What you should do:
Copy exactly the lines of the data below that run from the line holding "Heitmann mit HEITMANN" through the line holding "Jacquemus Le Chiquito皮革手提包 In Yellow", both ends included.

Exercise inputs:
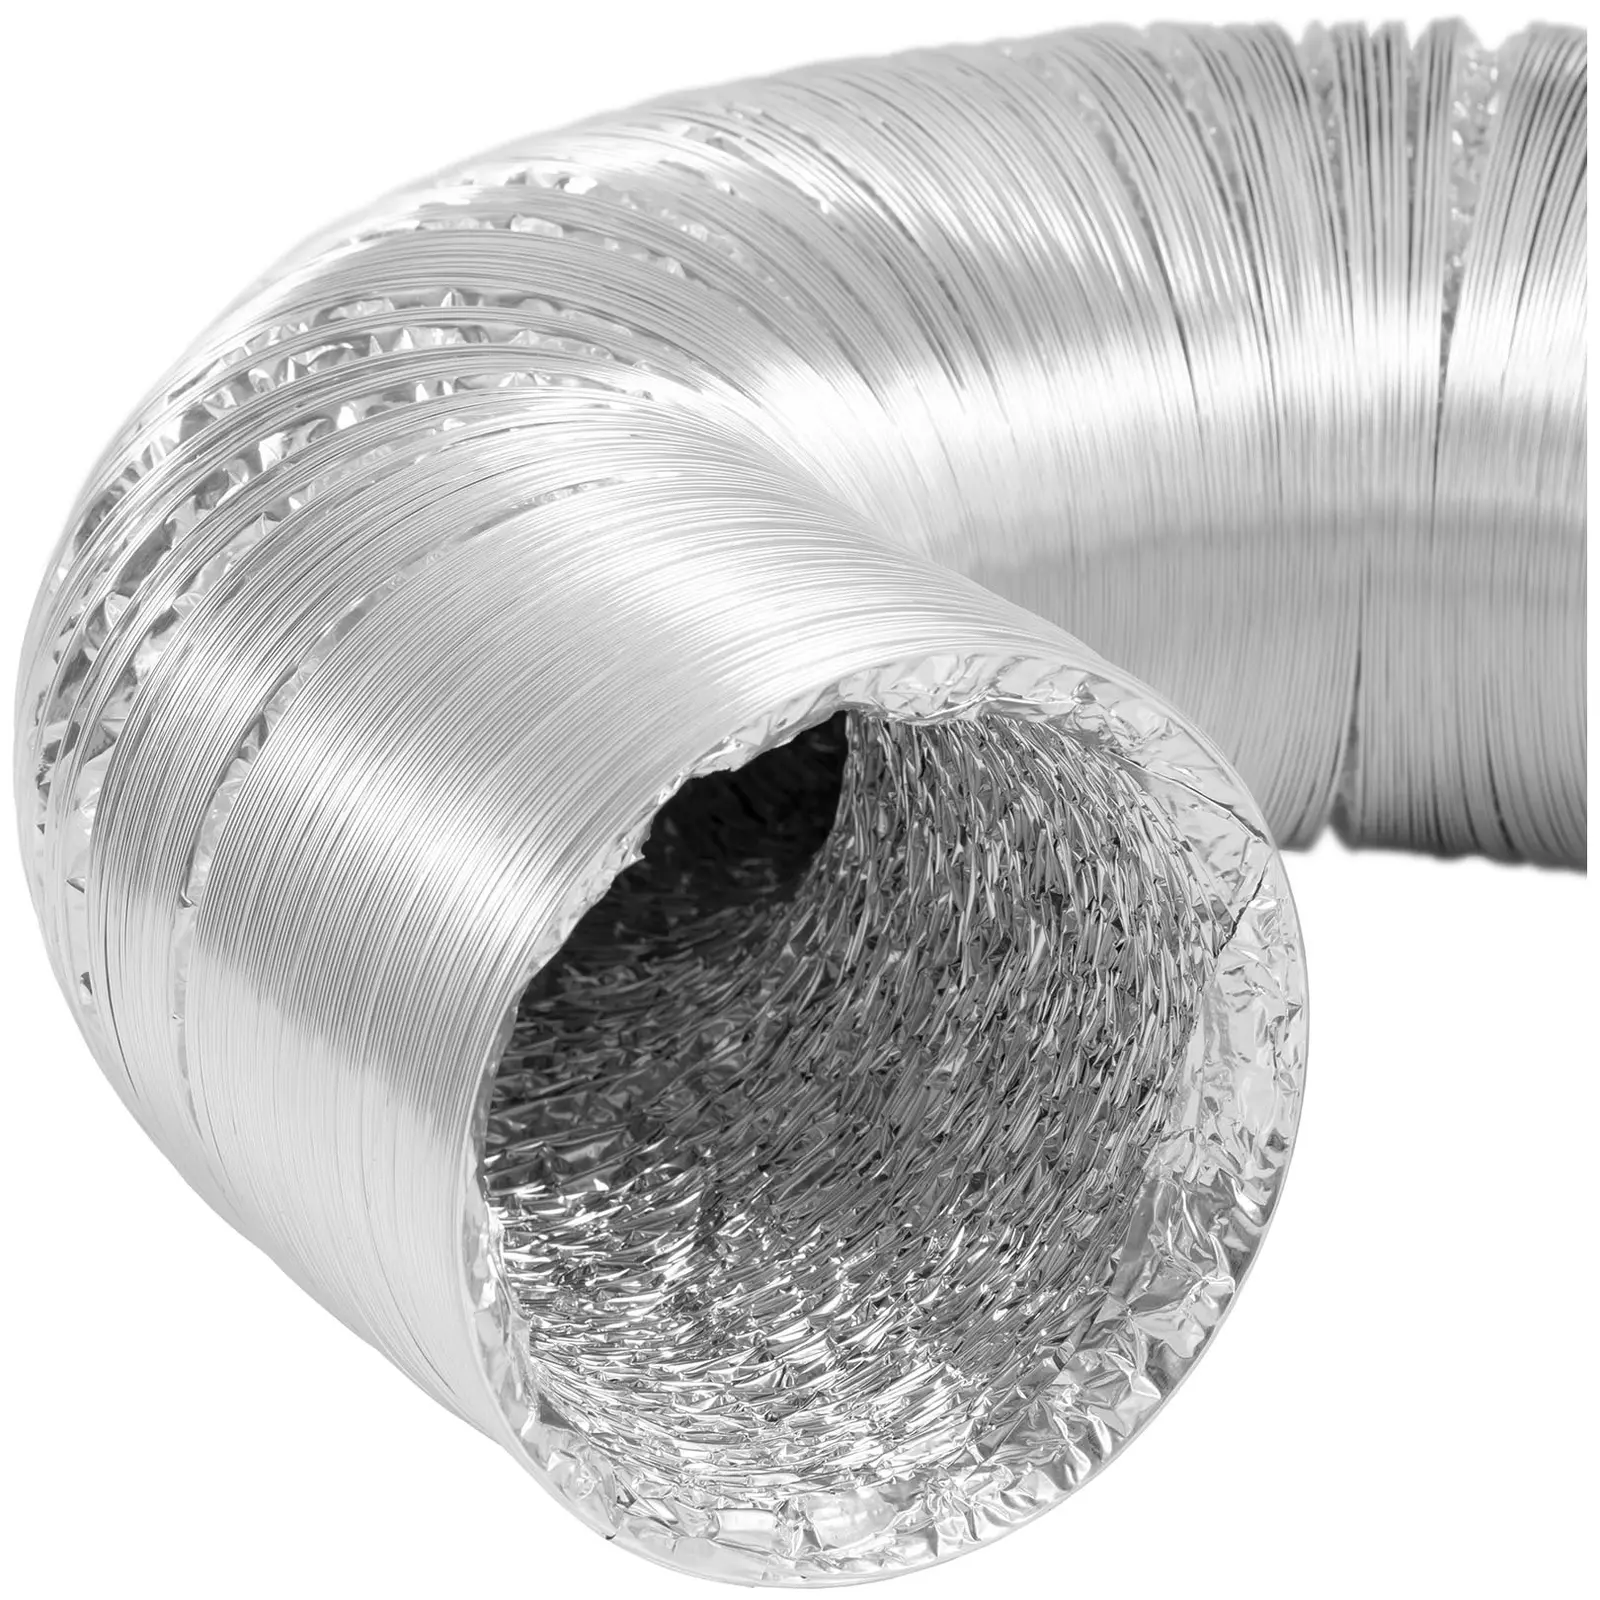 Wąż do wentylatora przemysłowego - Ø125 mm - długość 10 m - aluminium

==

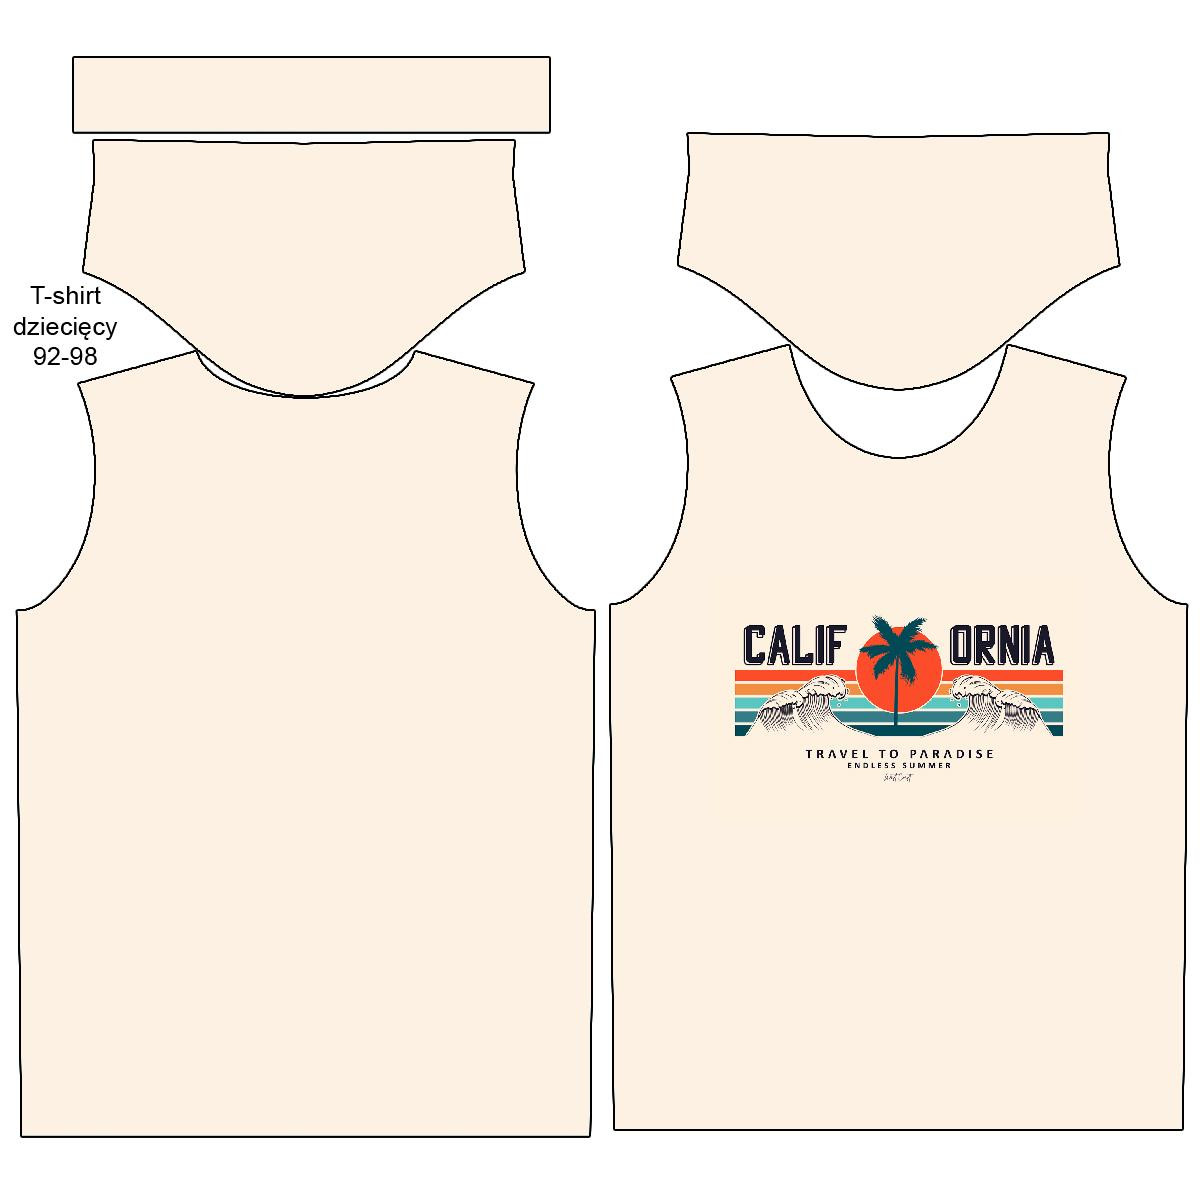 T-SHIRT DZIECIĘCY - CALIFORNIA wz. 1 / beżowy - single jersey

* * *

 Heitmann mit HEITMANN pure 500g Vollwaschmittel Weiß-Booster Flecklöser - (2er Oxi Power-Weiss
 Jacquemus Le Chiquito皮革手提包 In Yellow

Answer area:
 Heitmann mit HEITMANN pure 500g Vollwaschmittel Weiß-Booster Flecklöser - (2er Oxi Power-Weiss
 Jacquemus Le Chiquito皮革手提包 In Yellow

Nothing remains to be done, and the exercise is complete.